Western culture is seen to be depraved, more
so today with pornography on the Internet and all. Do you see it going more in
the same direction? I don't think you can talk about culture. Every
epoch has its depravations, of the local culture and situation. I think the western
world has as many apostles, saints and great men today as it had earlier. The
trouble is that today the media is more interested in describing depravations,
pornography and giving the world hundreds of hours of Monica Lewinsky, than the
message and life of truly authentic apostles and saints who do exist. The media
does not reflect the situation on the ground. Thank God! It is
said that there already exist resources and technology to improve the plight of
the entire mankind, but they are not utilized well. They are diverted.

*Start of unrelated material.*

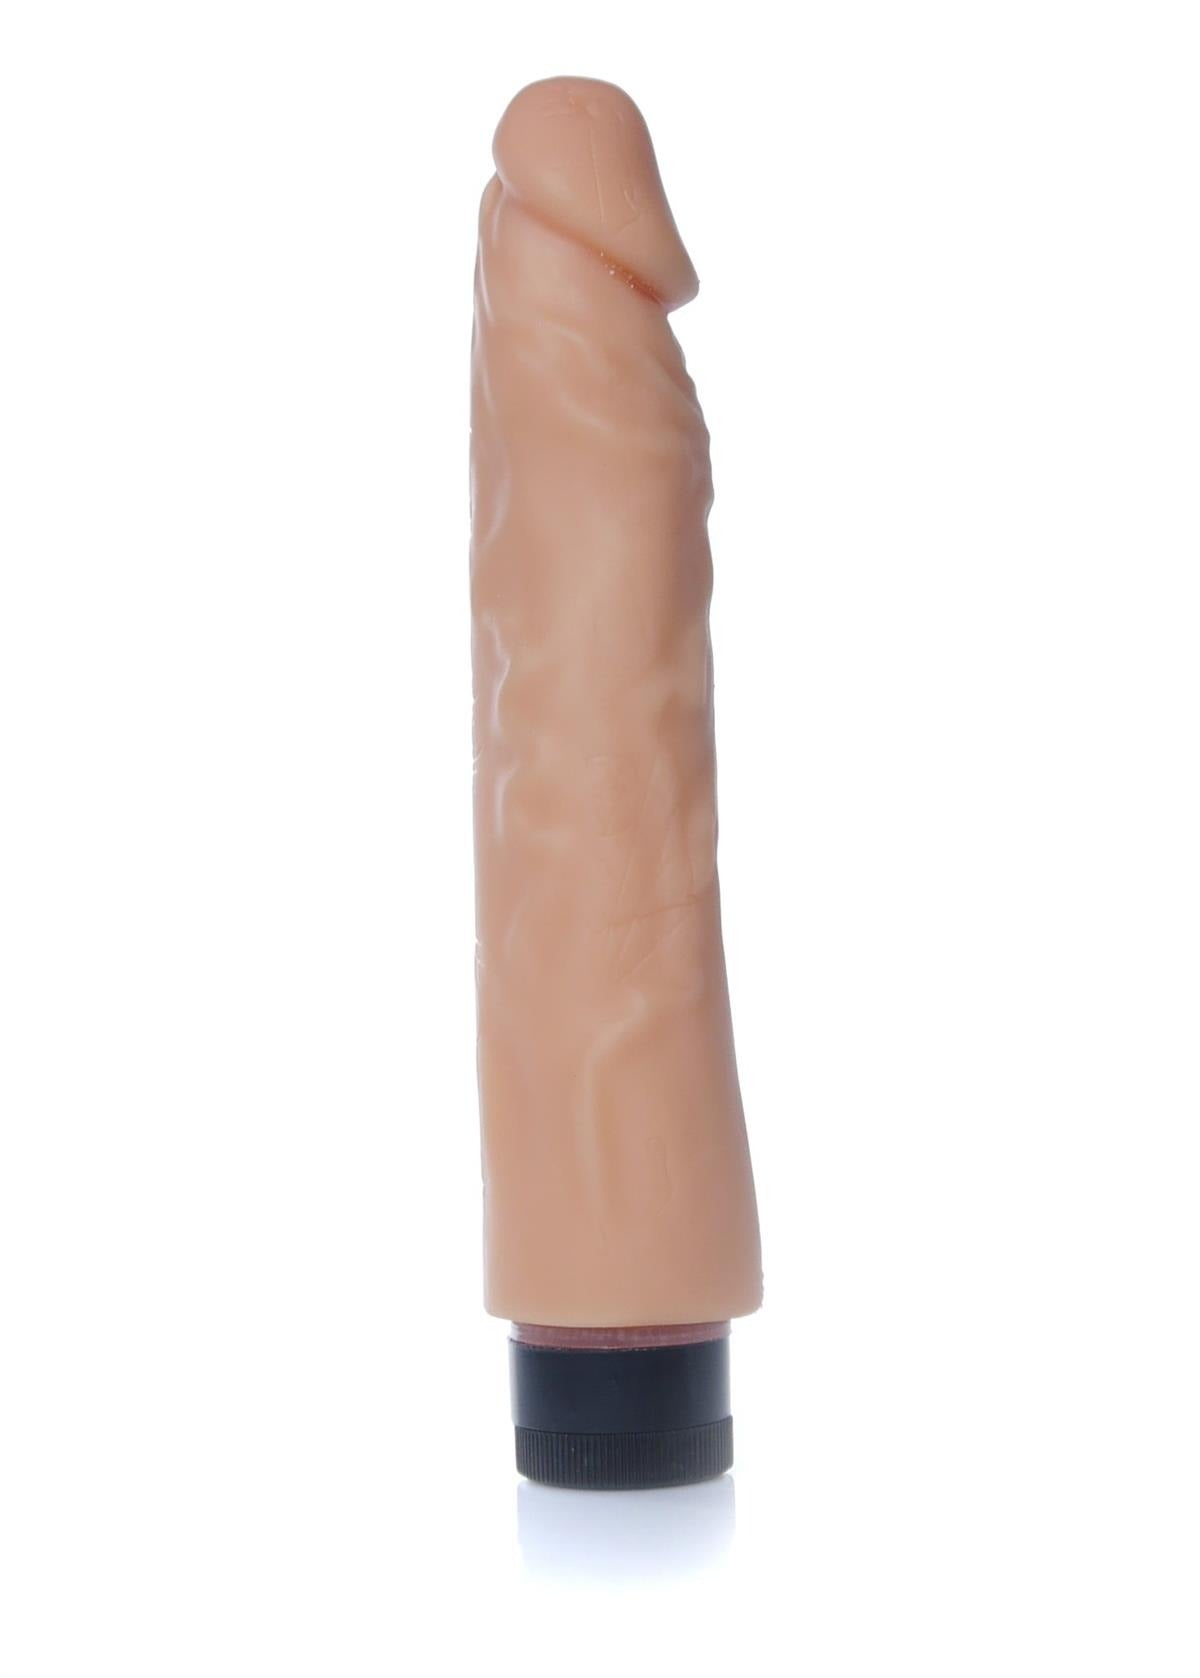 Bossoftoys - 67-00067 - Real Skin - Realistic vibrator - Flesh - 23 m- Dia 4 cm - Multispeed

You spend $ 40 million to prove that the US President had oral sex with one of
his junior assistantsthis is total misappropriation. The same money could
have been utilized in the research for cancer, in sponsoring some great spiritual
institution. I wait for the time when the western world shares its abundance with
the poorand it would. The problem is corruption. Of generosity getting diverted
from reaching its real destination by middlemen. I've been fighting the same problem
in my philanthropic work.
Are you familiar with the New Age scene in the West? All
these movements are positive. They address people who are searching. There are
a lot of people dissatisfied with what is being offered to them by today's civilization.
I don't always agree and I myself don't always need such literature. I may find
answers to my quest within myself, but for those who do not, it is useful.
Will the New Consciousness grow and change the world?
I think it will grow. The only danger is that this kind of movement should not
sink into fundamentalism and extremism.
You seem to be a very happy
kind of person… Yes, when I'm in India. When I land here, I find
my vitamins.
We can always beat adversitythis is your refrain.
But there is so much suffering, misery, and turmoil in the world… You
can always bring one drop of positive water and another and make an ocean. The
boy with the mechanical engineering diploma is a microscopic result. But you can
take another child who can become a mechanical engineer, plus another one. And
you can change the world. Always a thousand suns beyond the clouds.